▶ DATA PROVIDED:
------------------------------------

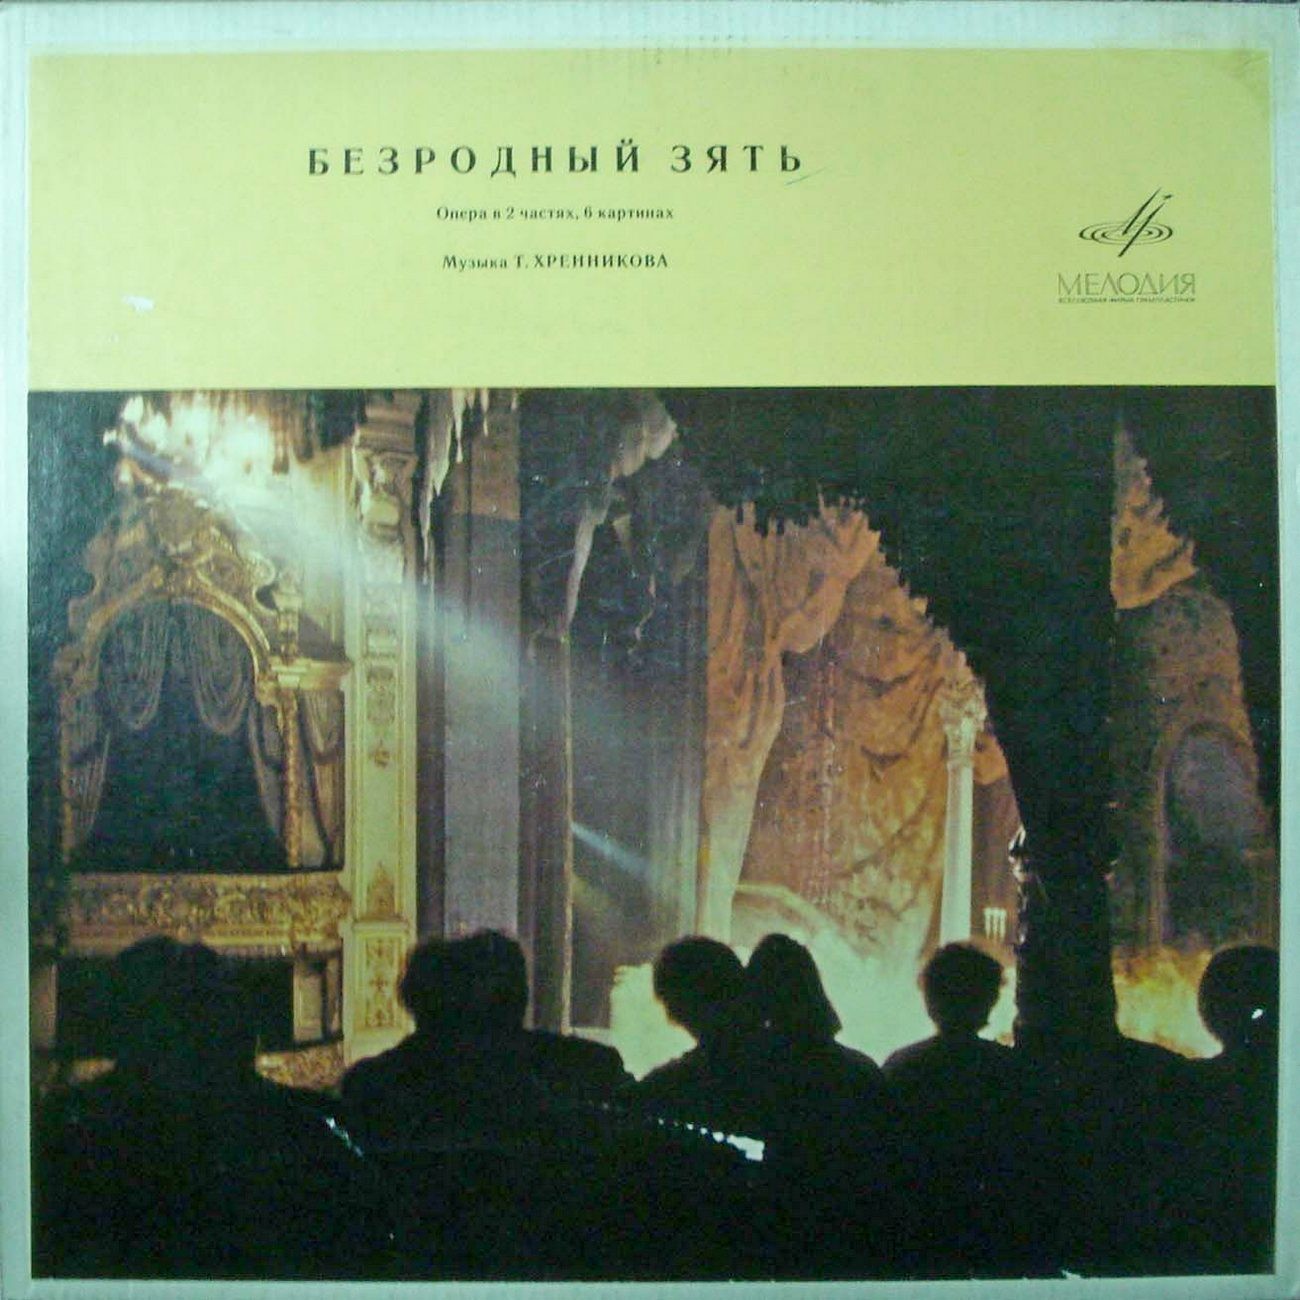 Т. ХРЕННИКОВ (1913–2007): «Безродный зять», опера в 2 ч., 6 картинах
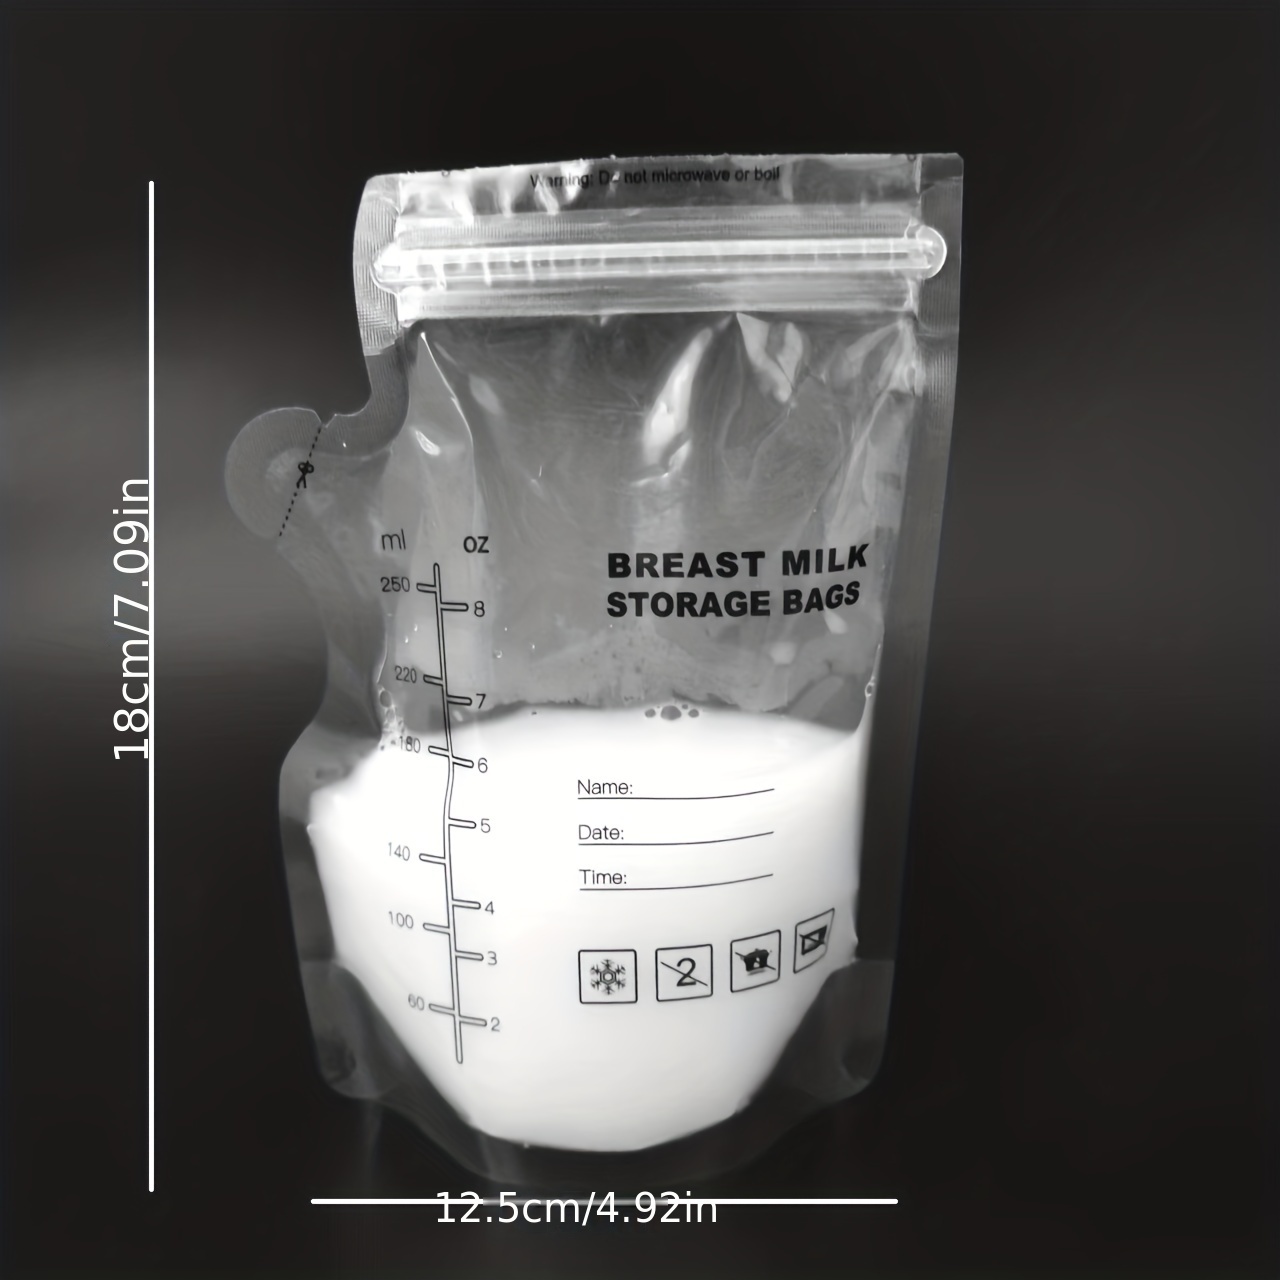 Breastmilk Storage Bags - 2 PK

------------------------------------

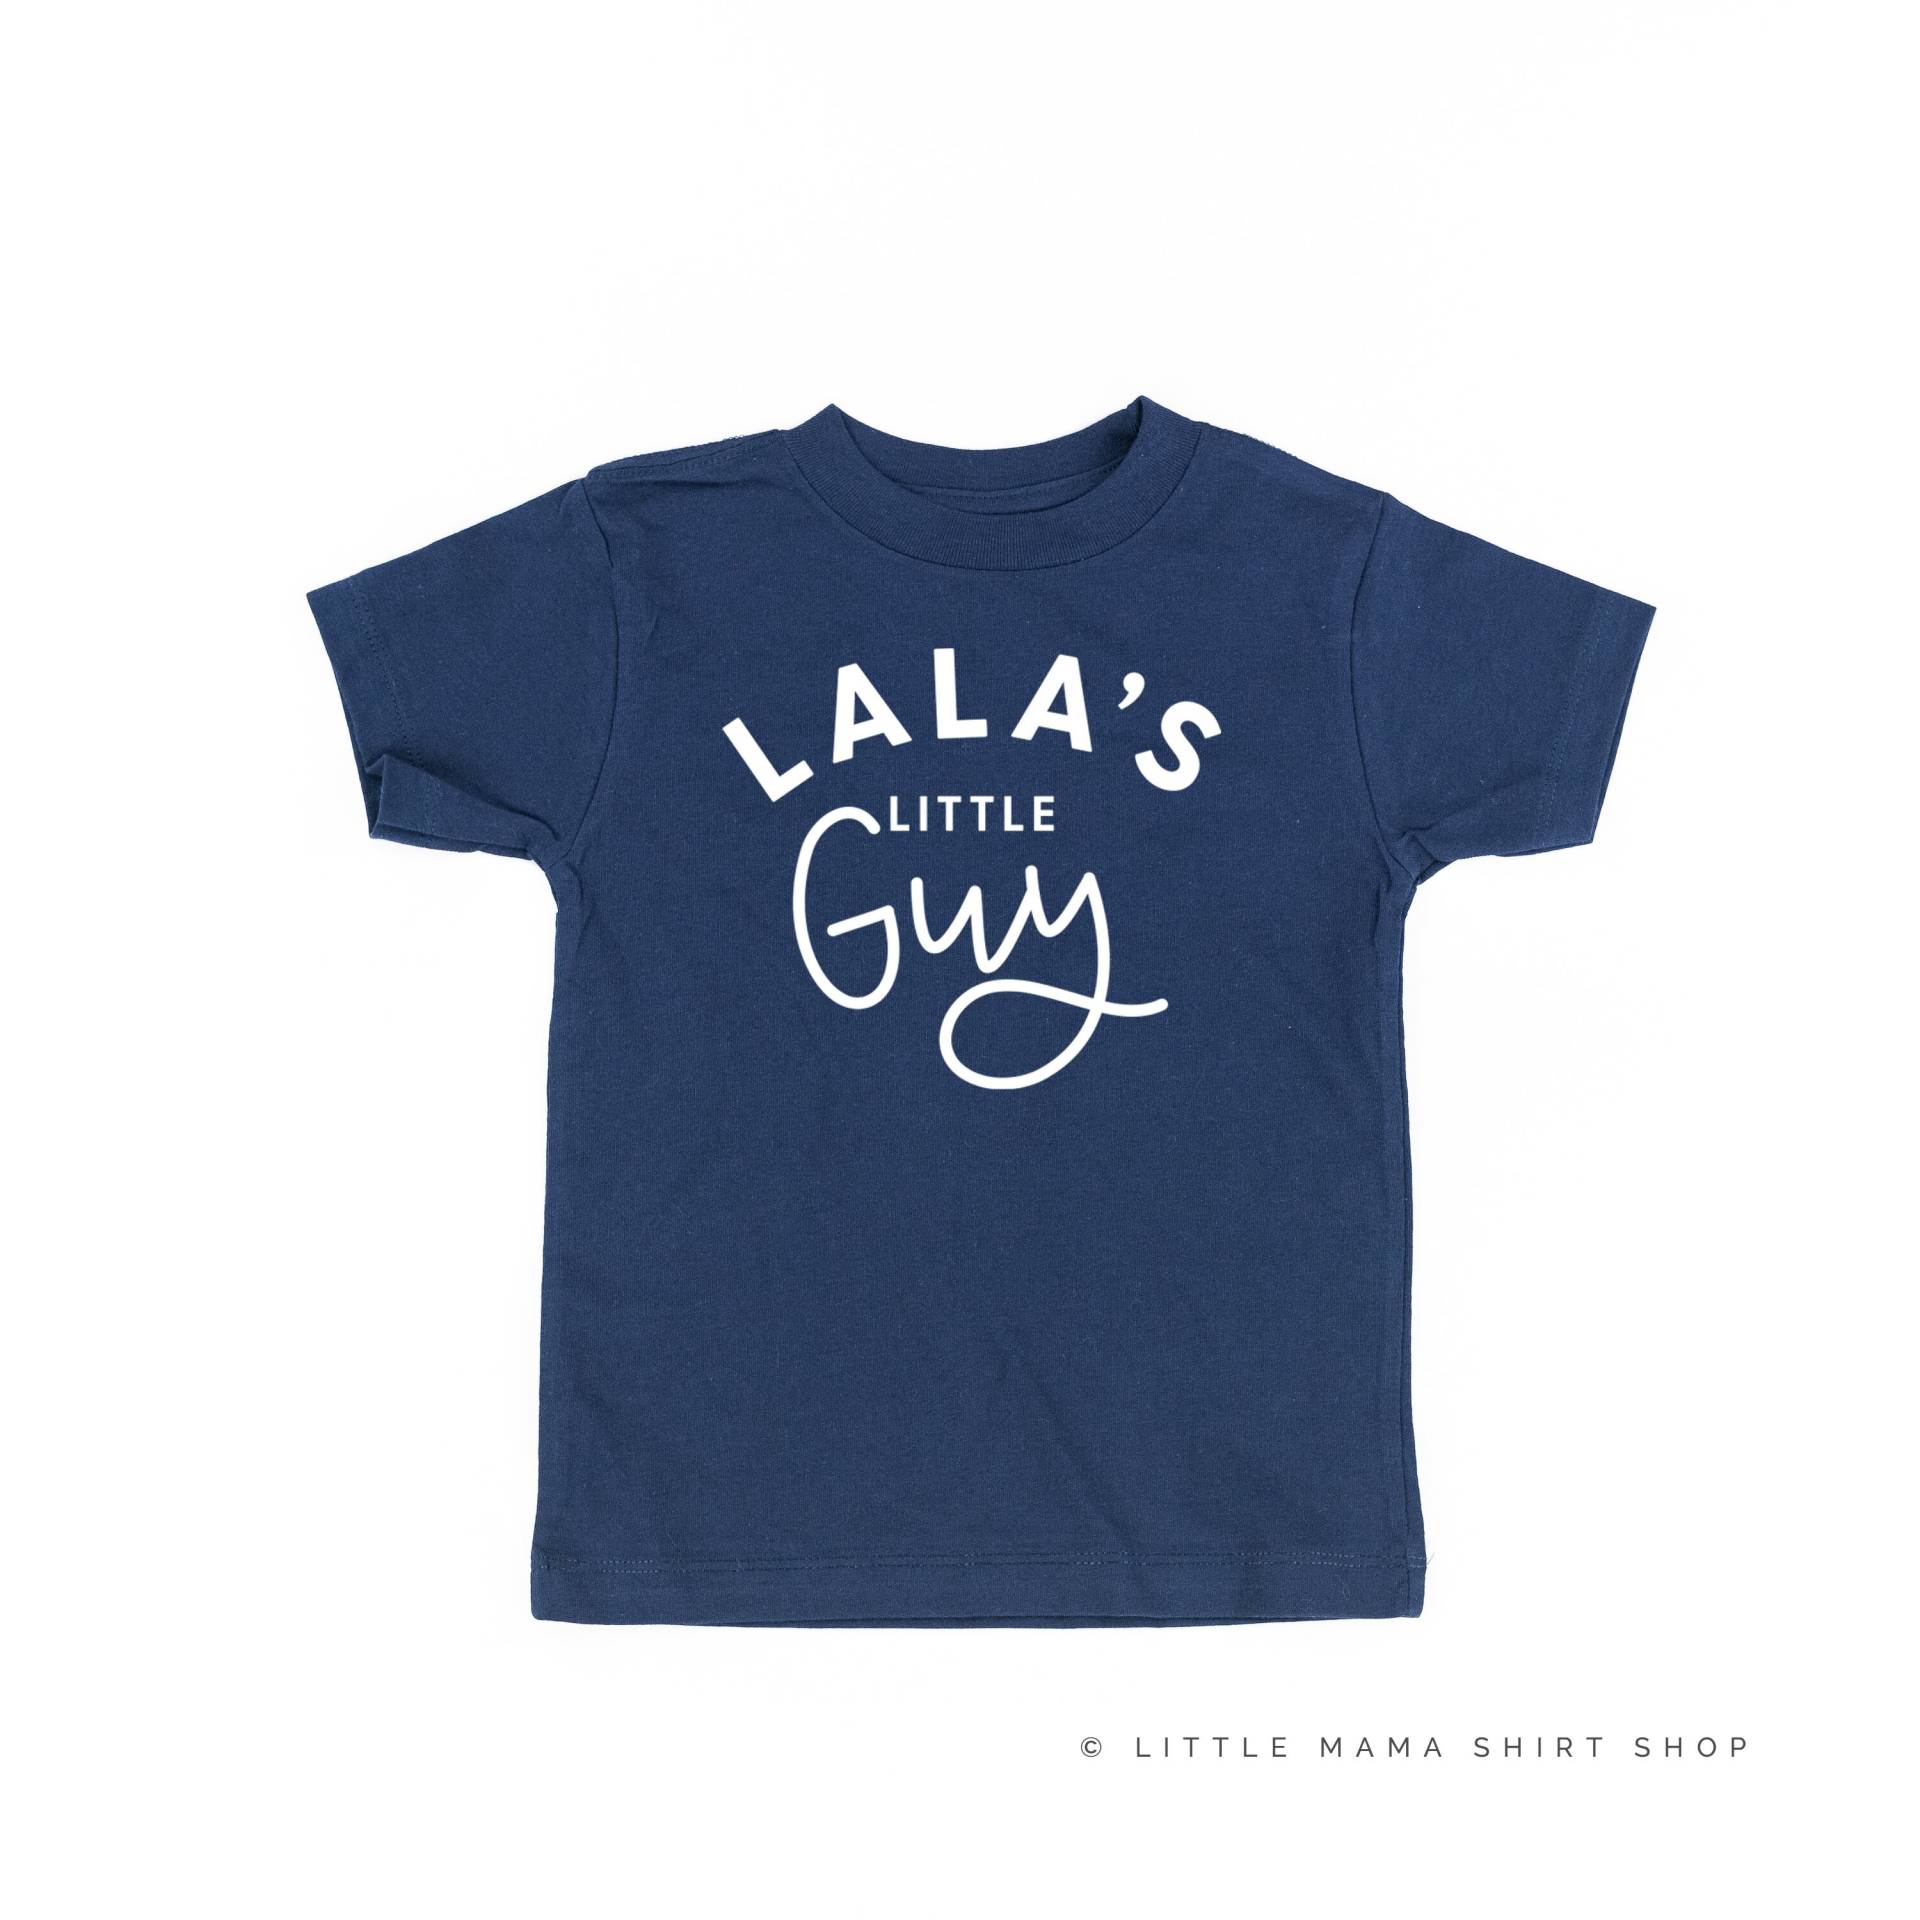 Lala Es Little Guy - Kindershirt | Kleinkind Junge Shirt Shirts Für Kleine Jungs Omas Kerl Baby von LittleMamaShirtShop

------------------------------------

Everything above from the line that has "ч., 6 картинах" down to the line that has "Breastmilk Storage Bags - 2 PK" should be output exactly, with both of those lines included. Leave the pictures behind.

▶ RESULT OF THIS TASK:
 Т. ХРЕННИКОВ (1913–2007): «Безродный зять», опера в 2 ч., 6 картинах
 Breastmilk Storage Bags - 2 PK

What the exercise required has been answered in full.